**GIVEN INFORMATION**
Segment Open
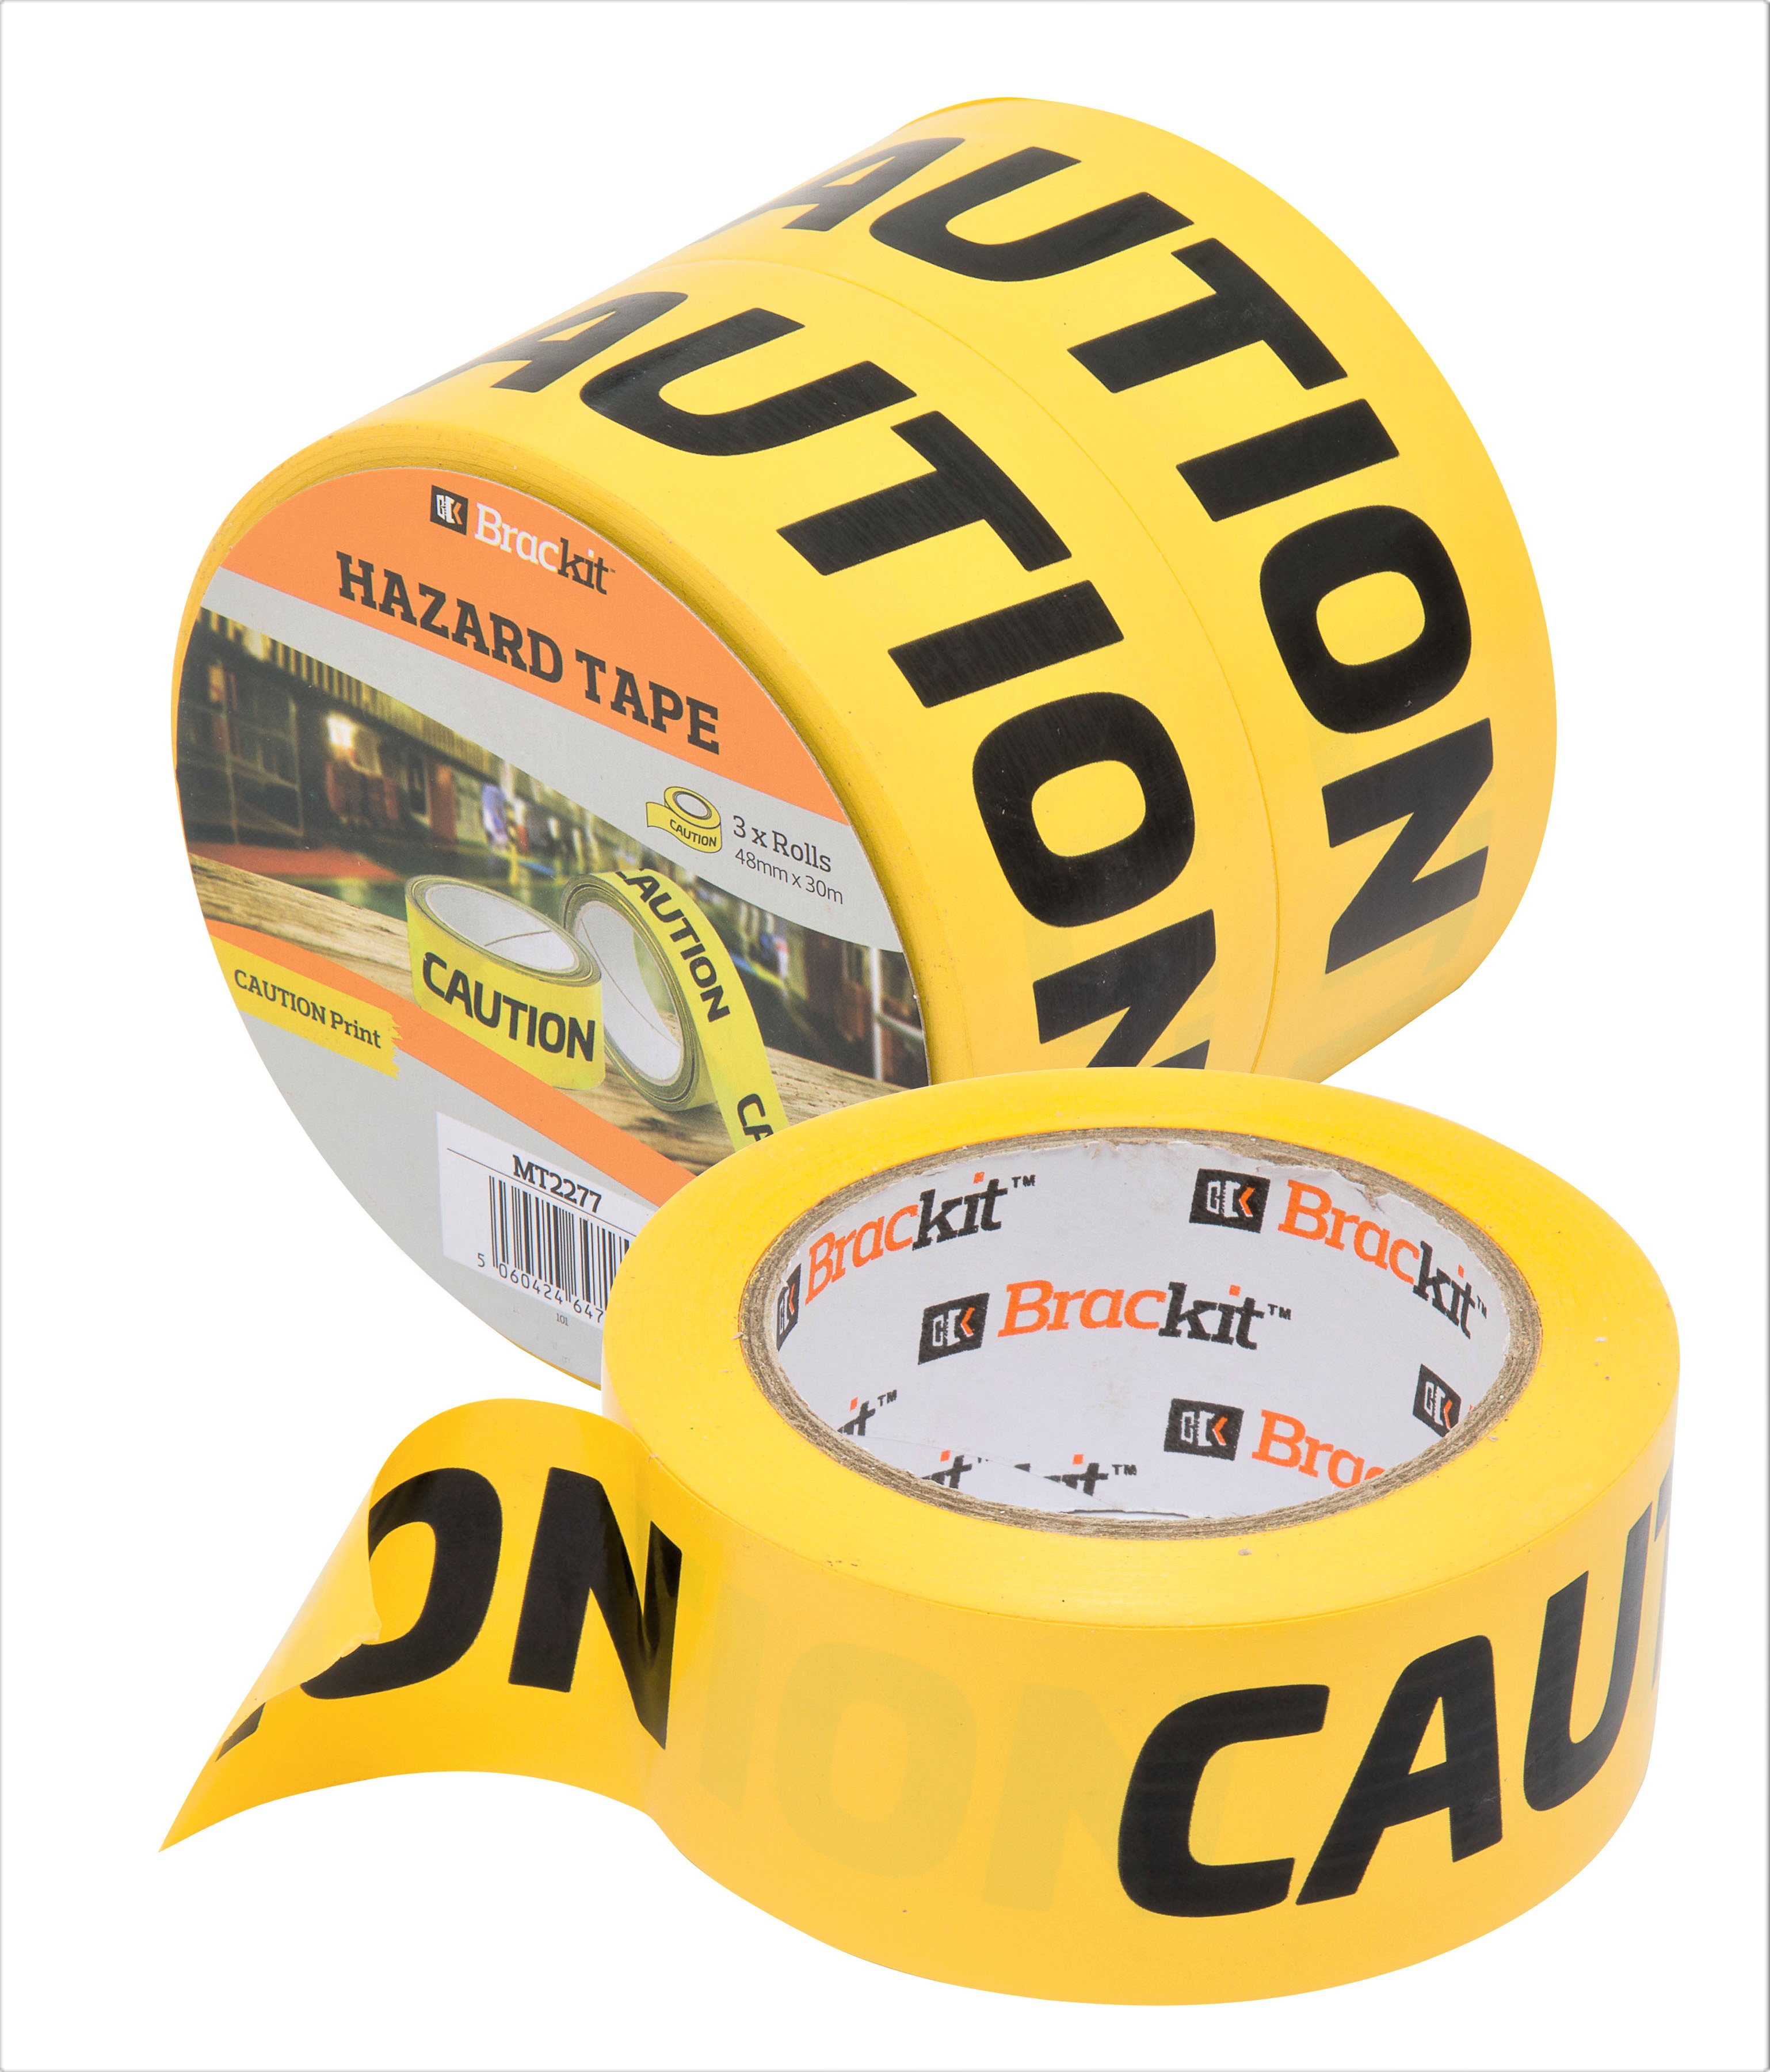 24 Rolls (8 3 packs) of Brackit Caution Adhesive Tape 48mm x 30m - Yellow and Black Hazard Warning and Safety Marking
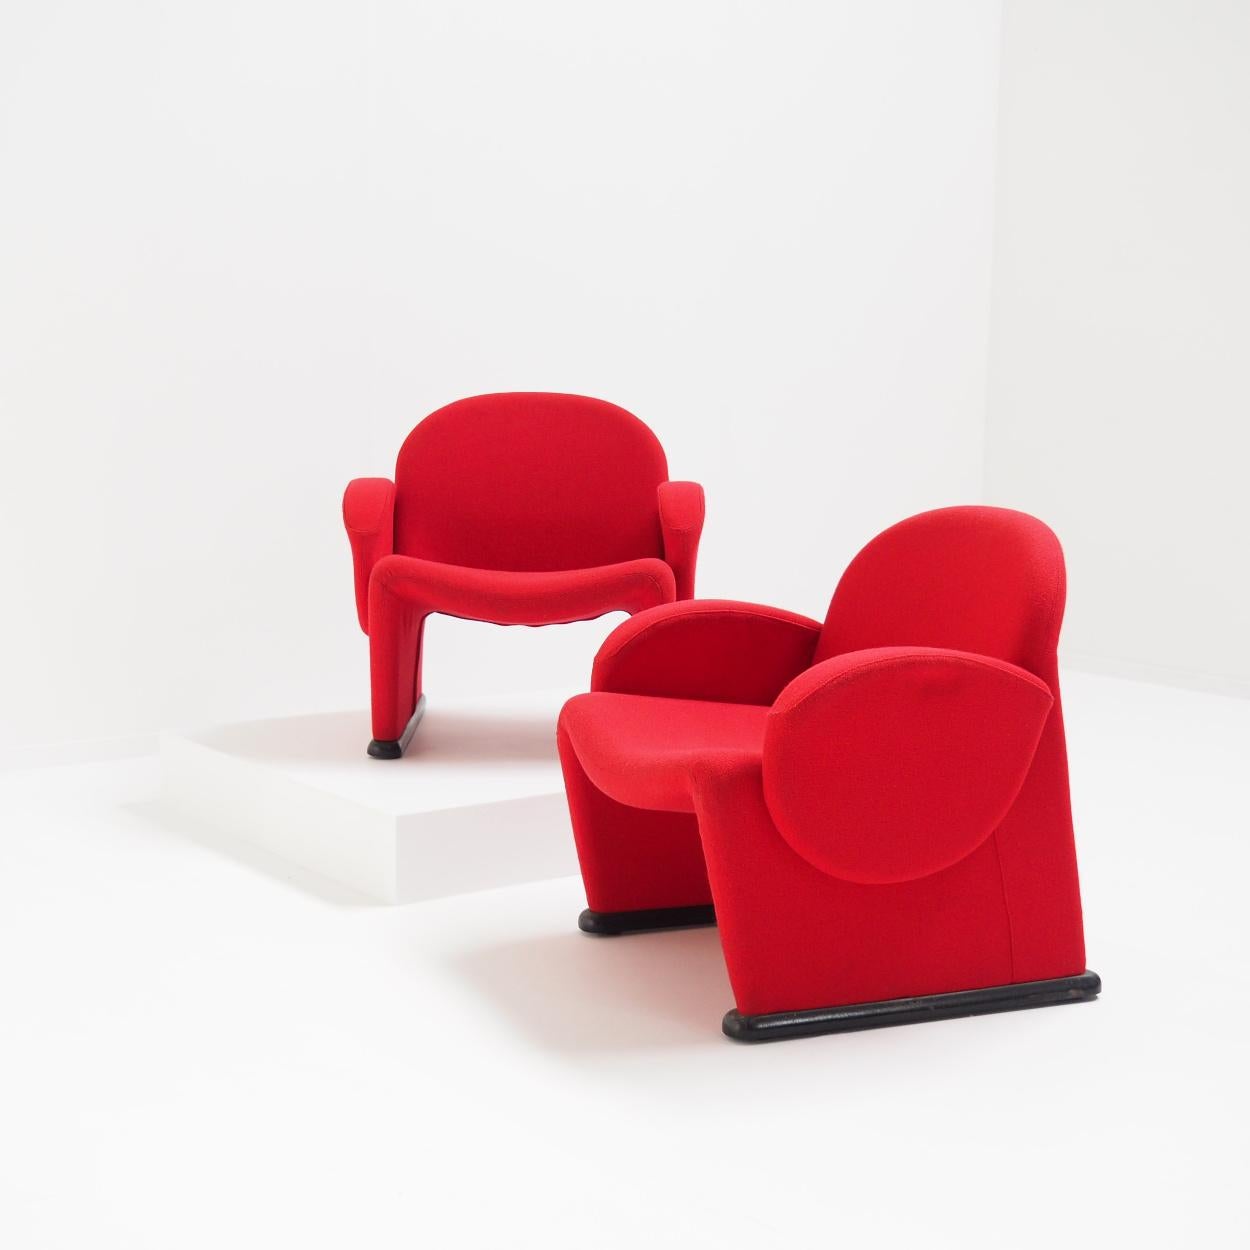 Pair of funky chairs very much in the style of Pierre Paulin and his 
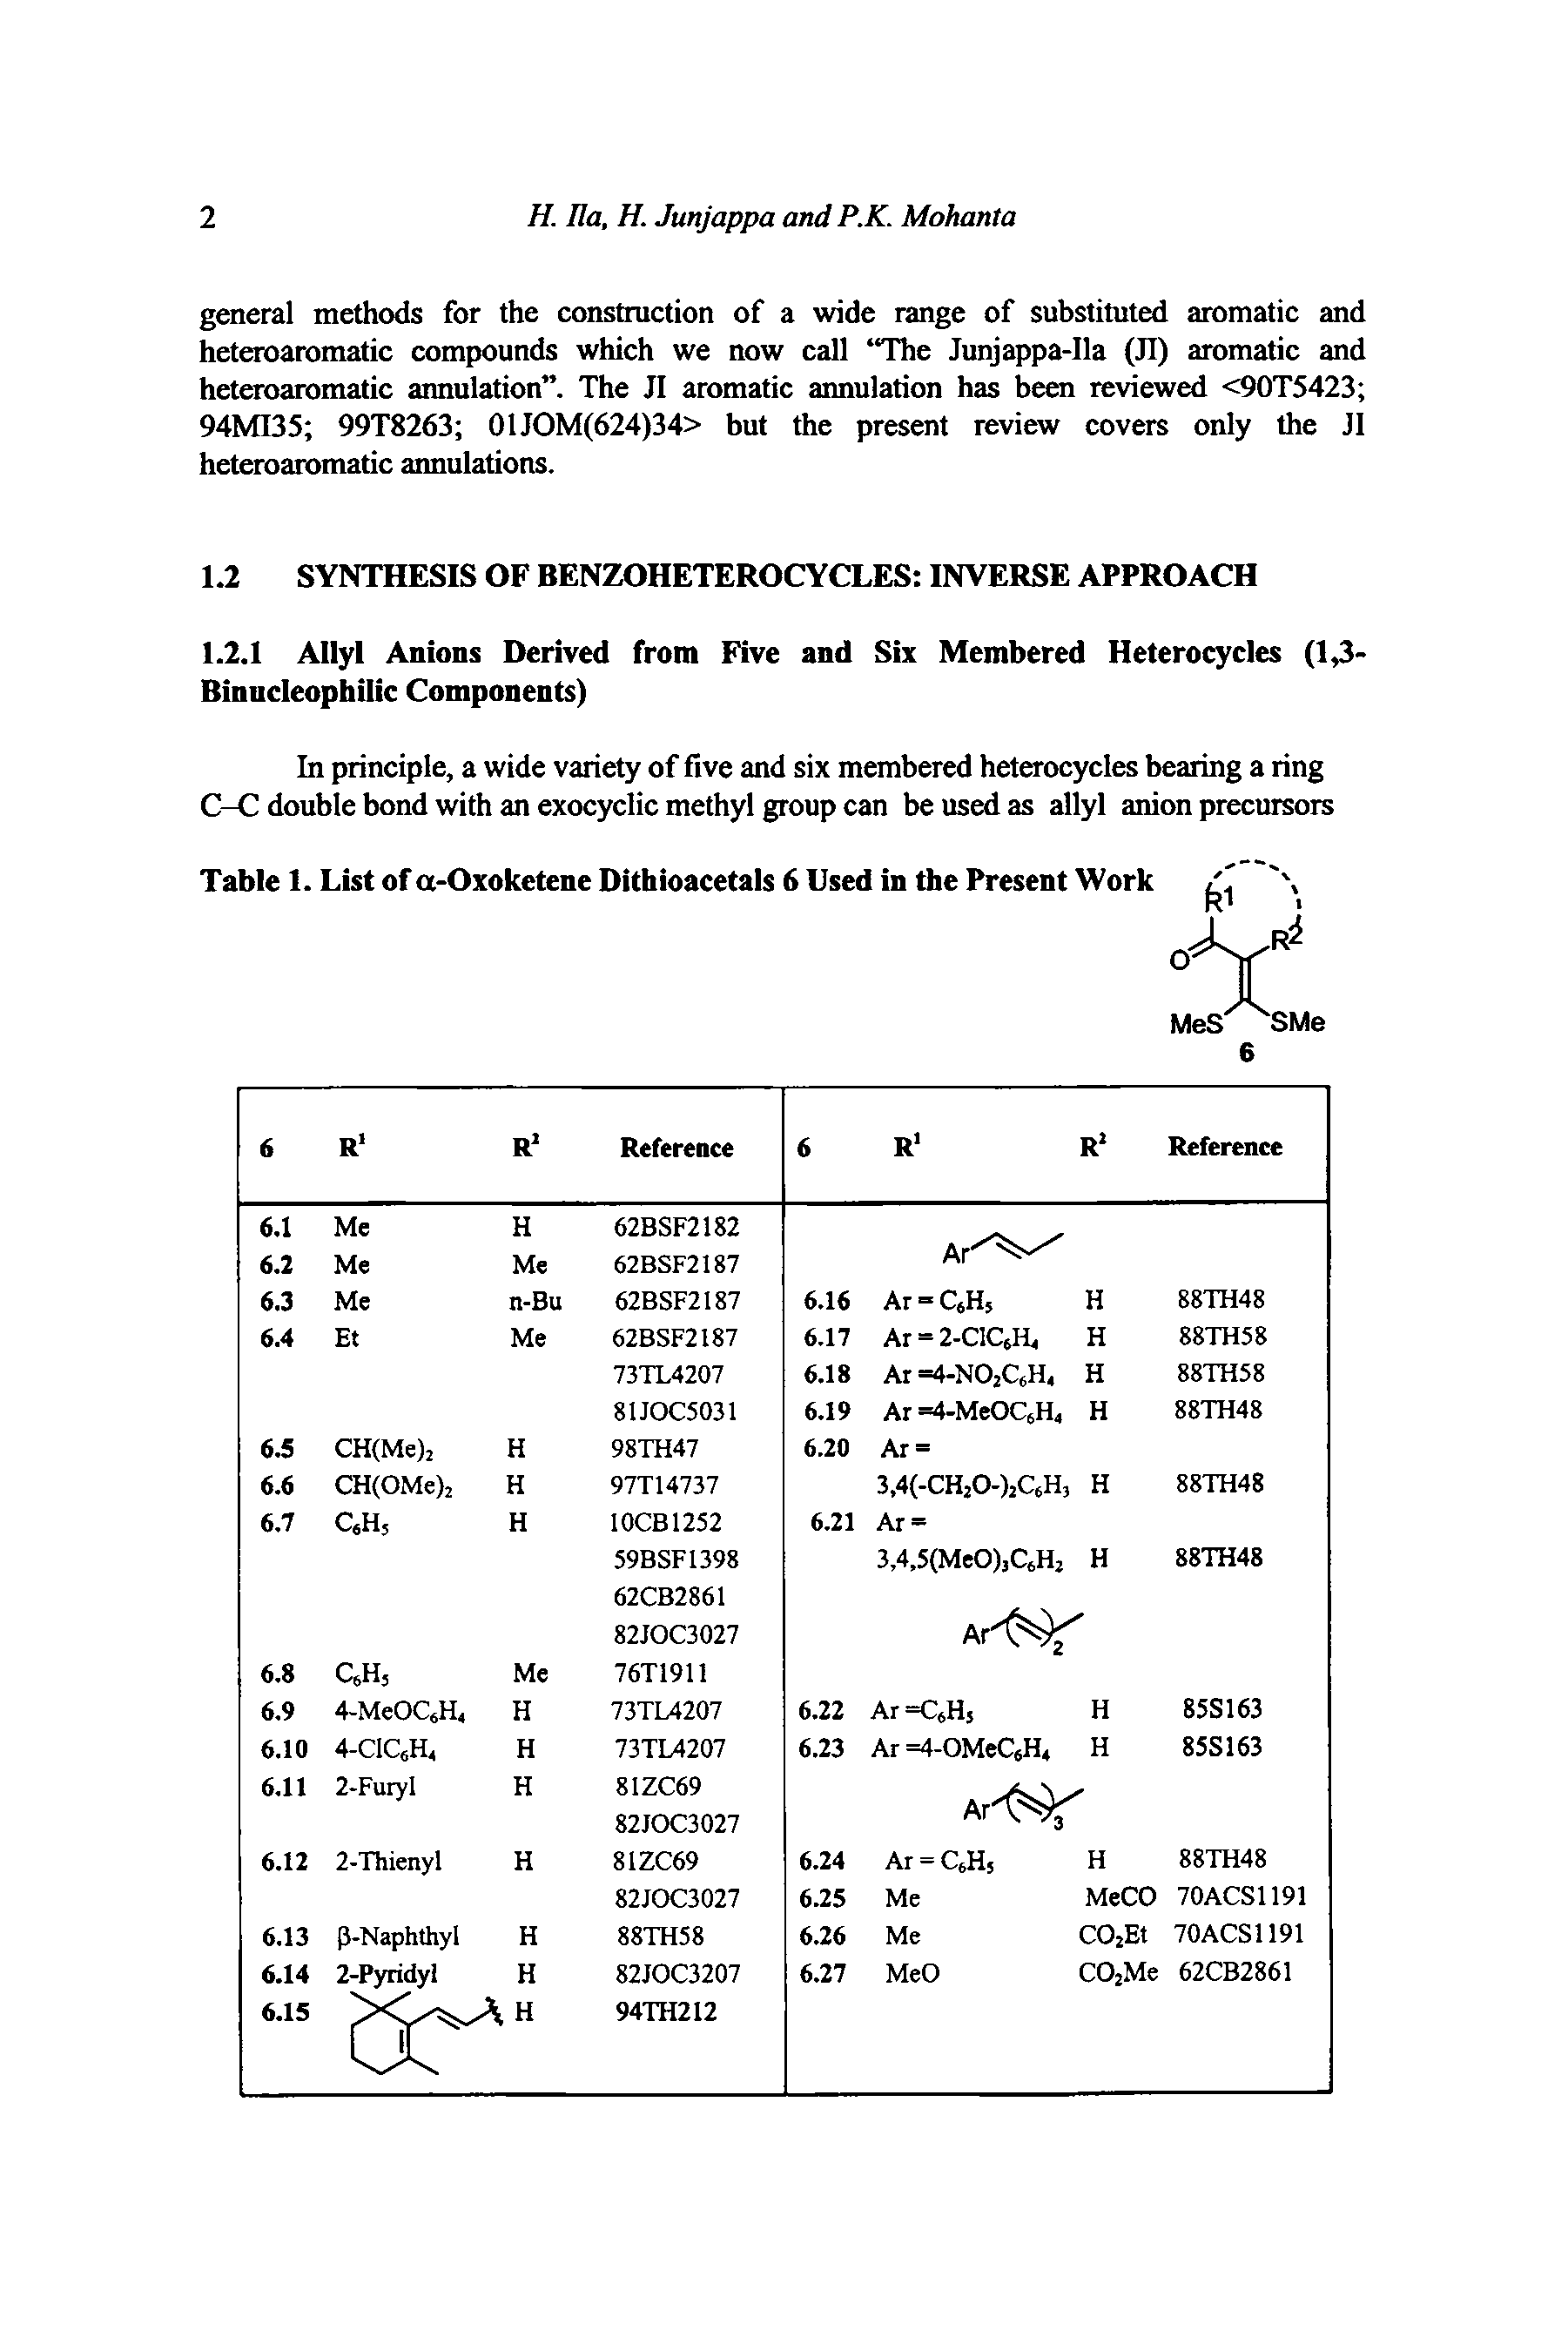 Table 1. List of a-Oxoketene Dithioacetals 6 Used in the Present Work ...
Segment Closed
**GOAL OF THE EXERCISE**
Extract word for word every line from the line that contains "Pair of funky" to the final line of the data, both included, and nothing else; skip the pictures.

**TASK RESPONSE**
 Pair of funky chairs very much in the style of Pierre Paulin and his 
 Table 1. List of a-Oxoketene Dithioacetals 6 Used in the Present Work ...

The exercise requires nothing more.